# Heavy metal.....



## Lucky13 (Oct 2, 2011)

Just wondering if any heavy metal is being built around here......besides my Firefly...


----------



## Airframes (Oct 2, 2011)

Funny you should ask old chap. I have plans to finish a Panther diorama, and slightly change a PzKfw IV, to do a diorama of 9th SS Panzer in Oosterbeek, Arnhem September '44. That's when other projects are finished first, of course.


----------



## Lucky13 (Oct 2, 2011)

Try to do some more of the Firefly's tracks.....then......hmmmm...


----------



## Wayne Little (Oct 3, 2011)

Well.....I got 2 Tiger I's that need finishing.....


----------



## Lucky13 (Oct 3, 2011)

Cool!
What kinda Tiger I's are you building mate?


----------



## hub (Oct 3, 2011)

I have a Renault R35 that needs finishing plus a FT17
Not really heavy metal


----------



## Wayne Little (Oct 4, 2011)

Lucky13 said:


> Cool!
> What kinda Tiger I's are you building mate?
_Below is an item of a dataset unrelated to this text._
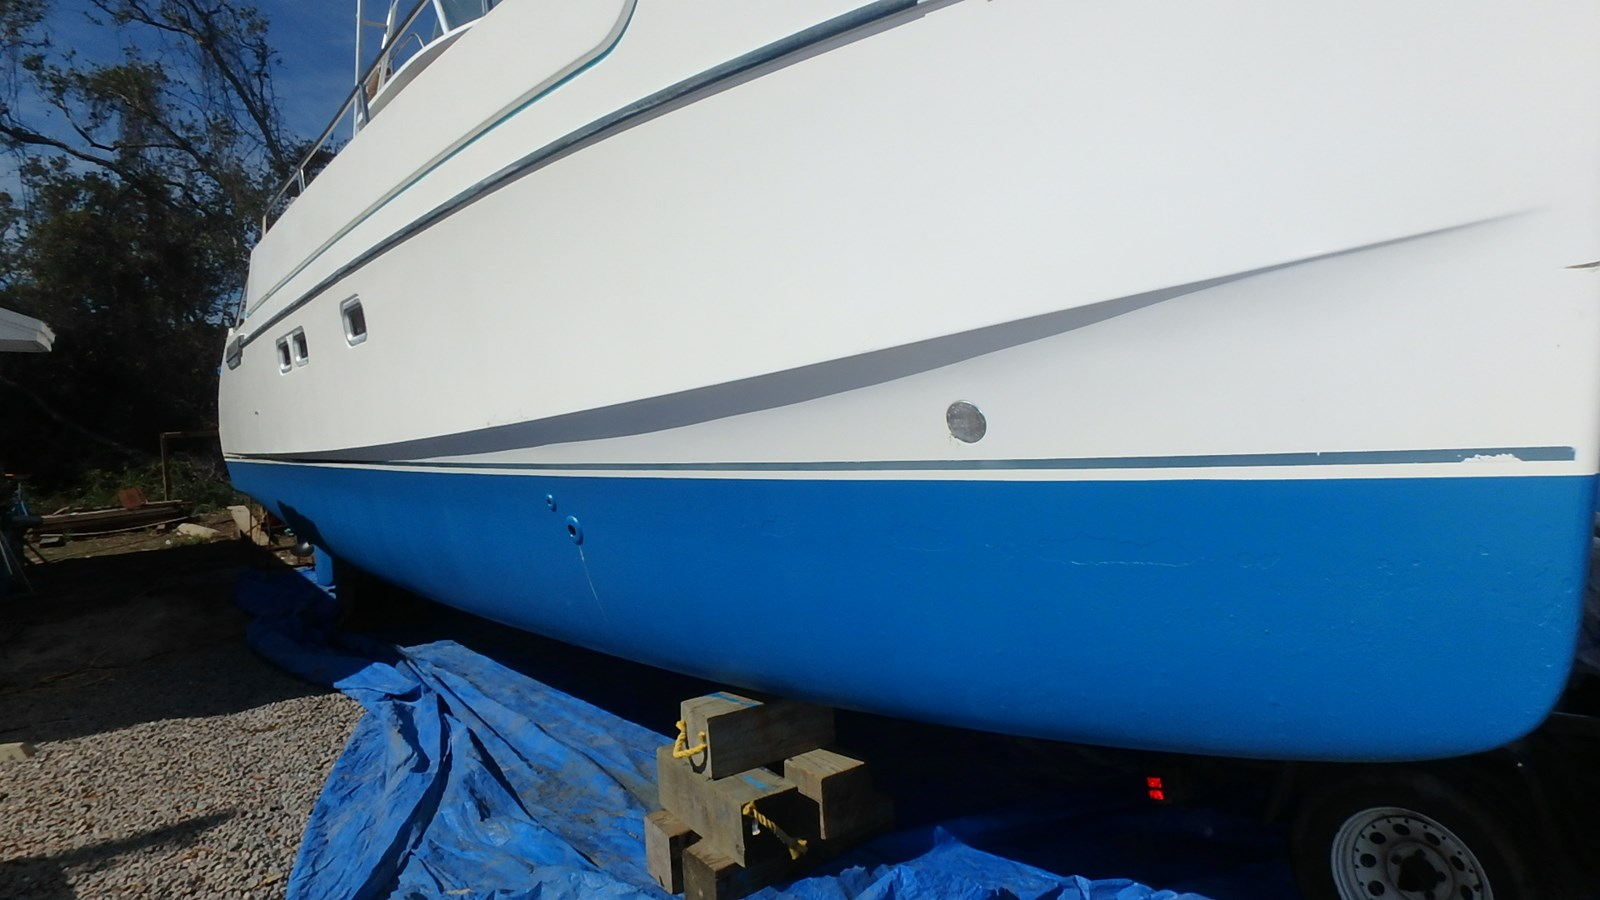 PA231425 2003 FOUNTAINE PAJOT 37 Maryland Catamaran 2760171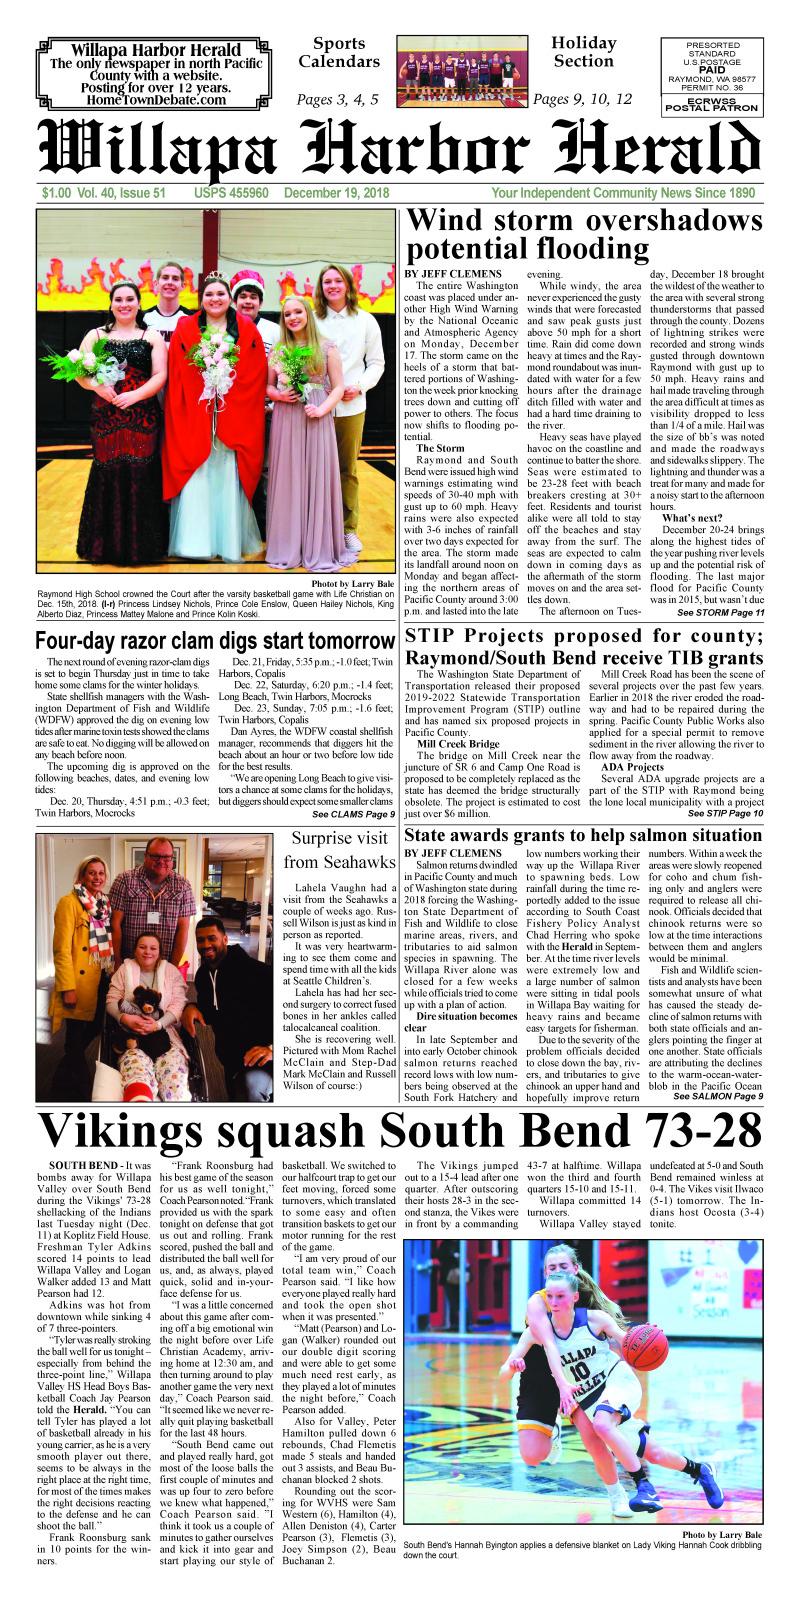 December 19, 2018 Willapa Harbor Herald

1/48 An early and late version....


----------



## BombTaxi (Oct 17, 2011)

I've got an S-Tank lurking in the stash, gonna get the Voodoo out of the way then get the tank done


----------



## A4K (Oct 17, 2011)

Got a few lined up Jan, most importantly 2 Stuarts, 1:76 Matchbox and 1:35 Academy. 
The 1:35 build (with Tamiya wheels) is also to be a master for a future 1:16 scratchbuild, intended to be RC capable.


----------



## Wurger (Oct 17, 2011)

Still having to finish my card model of a Cromwell Mk. IV.


----------